Locked (git-crypt) clones can use plain `git worktree add`. Trivial
single-commit fixes may be committed directly on a clean `master`. Full
lifecycle: `~/.claude/rules/execution.md` §3.
To land a finished change from such a clone:
1. Commit on `master`. **The commit message is the audit trail** — this matters
more than the change itself:
- subject: what changed, specific ("ha-sofia: lower fan curve bias to -5")
- body: WHY, in plain words — paraphrase the user's actual request and any
reasoning ("Emil asked for quieter fans in the evening; curve was
overshooting after the 2026-06-08 redesign")
2. `git push forgejo master`. If rejected non-fast-forward: `git pull --rebase
forgejo master` and push again.
3. **Never use `[ci skip]`** as a non-admin — it hides the change from the
Slack audit feed; a no-op CI apply on a docs-only commit is harmless.
4. Leave the clone on clean `master` so auto-refresh keeps working.
5. Tell the user in plain language what happened. Stack changes are
auto-applied by CI — verify the live result with the user's read-only
kubectl before saying "it's live".
If a push to `master` is rejected by branch protection (user not on the
whitelist — e.g. new users before Viktor grants it), fall back to a
`<os-user>/<short-topic>` branch + PR with the user's own PAT
(`write:repository` suffices — verified 2026-06-10):
```bash
TOK=$(sed -E 's#https://[^:]+:([^@]+)@.*#\1#' ~/.git-credentials)
curl -X POST -H "Authorization: token $TOK" -H 'Content-Type: application/json' \
https://forgejo.viktorbarzin.me/api/v1/repos/viktor/infra/pulls \
-d '{"title":"<title>","head":"<os-user>/<short-topic>","base":"master","body":"<what + why>"}'
```
## Common Operations
- **Deploy new service**: Use `stacks/<existing-service>/` as template.

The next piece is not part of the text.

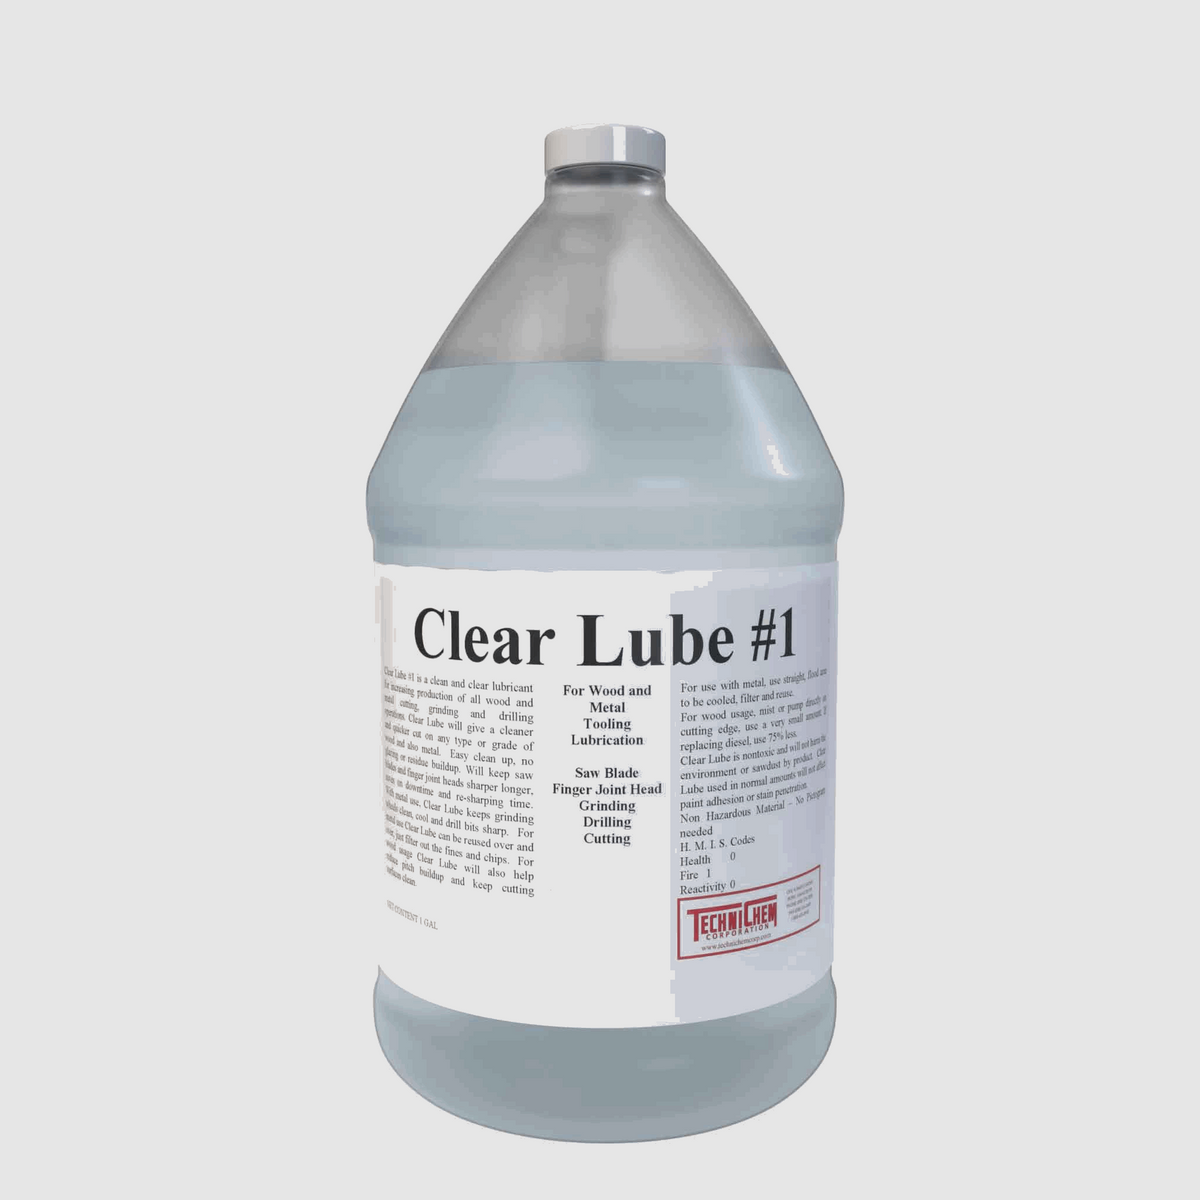 BLADE CLEAN, Saw Blade Cleaner — TECHNICHEM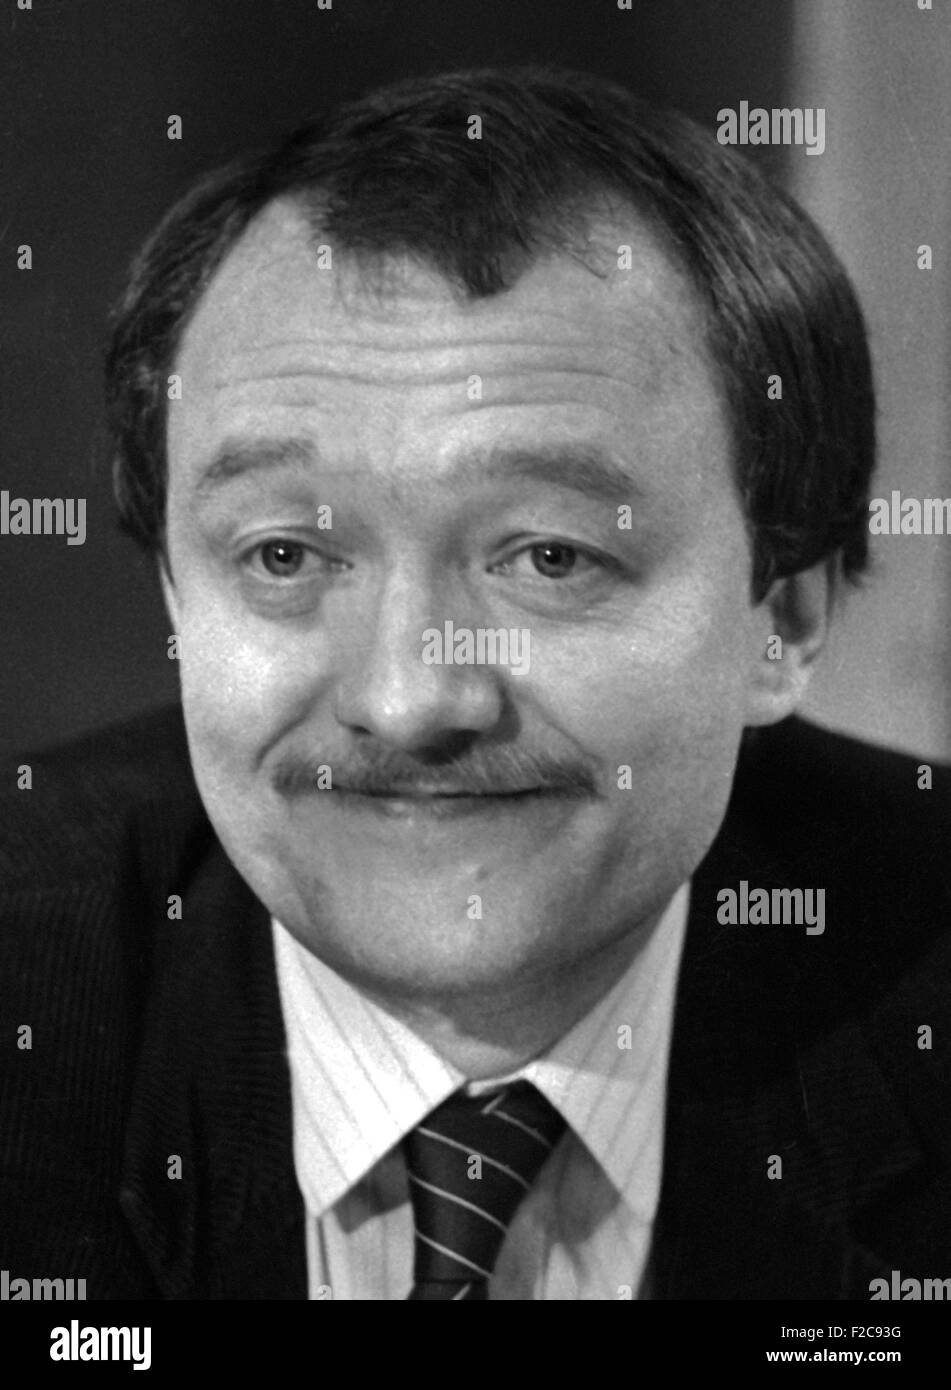 Ken Kenneth Robert Livingstone (nato il 17 giugno 1945) è un cittadino britannico di manodopera/politico socialista servita sindaco di Londra. - Immagine 1984 Foto Stock

Create stack, add DNS in tfvars, apply platform then service.
- **Fix crashed pods**: Run healthcheck first. Safe to delete evicted/failed pods and CrashLoopBackOff pods with >10 restarts.
- **OOMKilled**: Check `kubectl describe limitrange tier-defaults -n <ns>`. Increase `resources.limits.memory` in the stack's main.tf.
- **Add a secret**: `sops set secrets.sops.json '["key"]' '"value"'` then commit.
- **NFS exports**: Create dir on Proxmox host (`ssh root@192.168.1.127 "mkdir -p /srv/nfs/<service>"`), add to `/etc/exports`, run `exportfs -ra`.
## Automated Service Upgrades
- **Pipeline**: DIUN (detect) → n8n webhook (filter + rate limit) → HTTP POST → `claude-agent-service` (K8s) → `claude -p` (upgrade agent)
- **Agent**: `.claude/agents/service-upgrade.md` — analyzes changelogs, backs up DBs, bumps versions, verifies health, rolls back on failure
- **Config**: `.claude/reference/upgrade-config.json` — GitHub repo mappings, DB-backed services, skip patterns
- **Rate limit**: Max 5 upgrades per 6h DIUN scan cycle (configured in n8n workflow)
- **Skipped**: databases, `:latest`, custom images (`viktorbarzin/*`), infrastructure images
- **Risk**: SAFE (2min verify) vs CAUTION (10min, DB backup, step through versions) based on changelog analysis
- **Docs**: `docs/architecture/automated-upgrades.md`
## Detailed Reference
See `.claude/reference/patterns.md` for: NFS volume code examples, iSCSI details, Kyverno governance tables, anti-AI scraping layers, Terragrunt architecture, node rebuild procedure, archived troubleshooting runbooks index.